Climate Change Acceptance Among Americans Reaches Highest Level in 7 Years
Americans not only want their political candidates to understand climate science – they are more likely to believe in climate science themselves. A new poll from the University of Michigan and Muhlenberg College found that 70 percent of Americans feel there is strong evidence of global warming. This represents a seven percent increase in the level of belief over the past six months, and is just two points shy of the record level reached in 2008.
As this Guardian article reports, the increase was particularly dramatic among Republicans and Evangelical Christians. Many respondents cited climate impacts such as major storms, floods, and especially drought as factors – 61 percent said their views were strongly affected by severe droughts in many parts of the U.S.
This study reinforces the importance of emphasizing local, visible impacts when communicating about climate. It also shows that climate change is increasingly a mainstream concern. The leading Democratic presidential candidates appear to know this – in last week’s debate, all but one mentioned climate change as a major campaign issue and brought it up several times, even though only one official question was asked about it. (And that question was reframed by CNN’s Don Lemon in terms of “protecting the environment,” which seems to indicate that the media still sees climate change as a special interest issue.)
Read the full study here.
By Emma Howard, contributor to the Guardian
Level of belief has increased seven percentage points in the past six months as climate change brings weather events closer to home
Around 70% of Americans believe in the science behind global warming – the highest level of acceptance in the US since 2008 – according to a new survey.
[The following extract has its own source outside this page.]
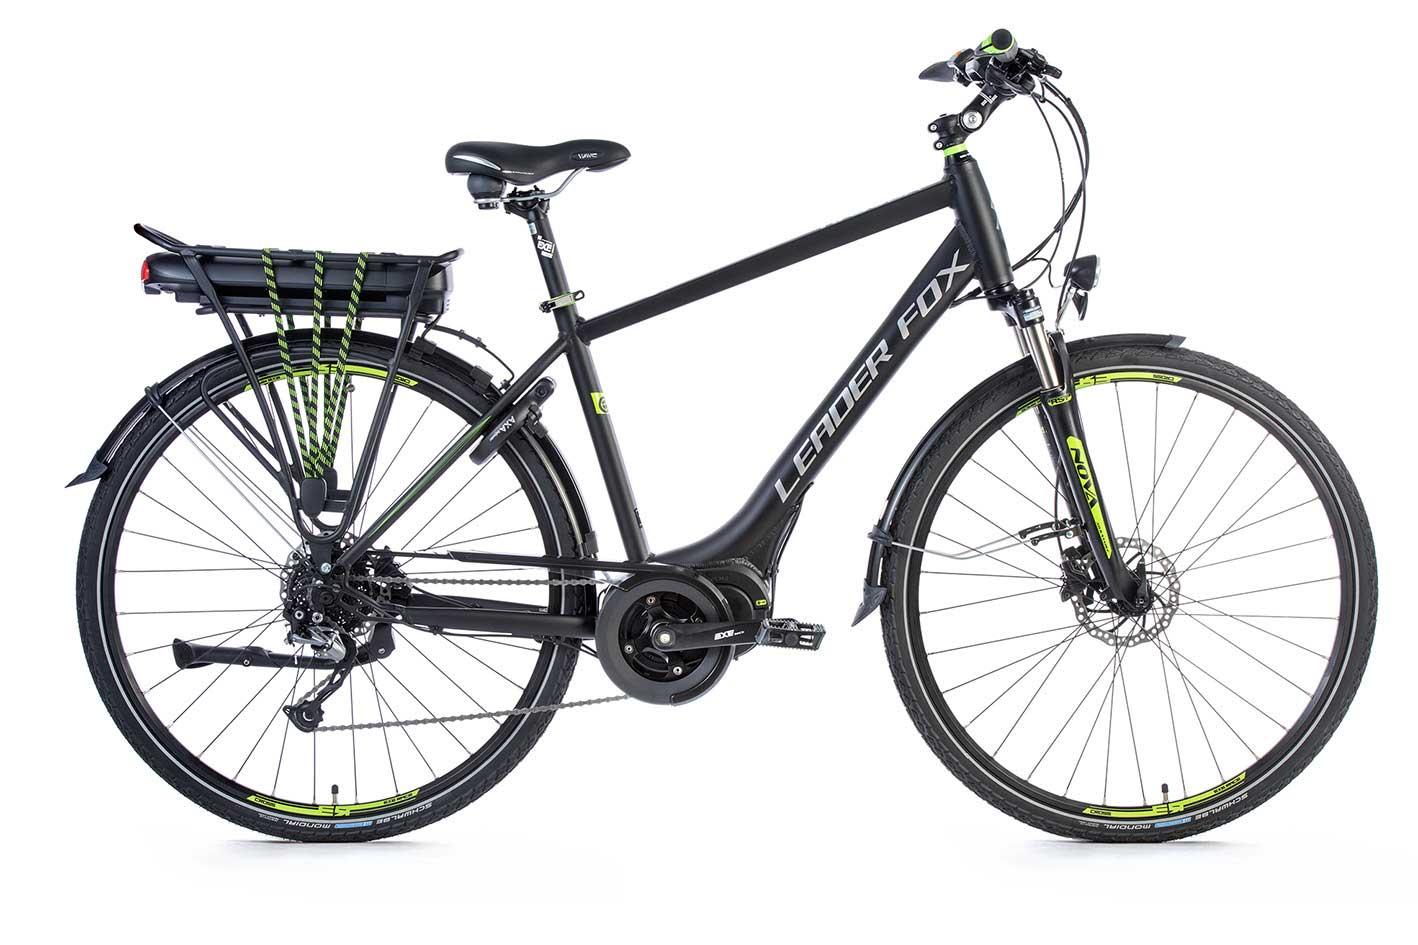 Bicicleta Electrica Leader Fox HASUDA Gent 2018

The level of belief has increased seven percentage points in the past six months, the polling by the University of Michigan and Muhlenberg College shows.
The researchers said the significant rise in acceptance is particularly notable among Republicans and evangelical Christian groups.
The swing is largely due to recognition of the role that climate change is playing in changing weather patterns, with respondents citing weather events close to home, according to Prof Barry Rabe, a co-author from the University of Michigan.
The report revealed a “strong recognition of recent weather patterns” with a particular emphasis on severe droughts in the US and warmer local temperatures, he said.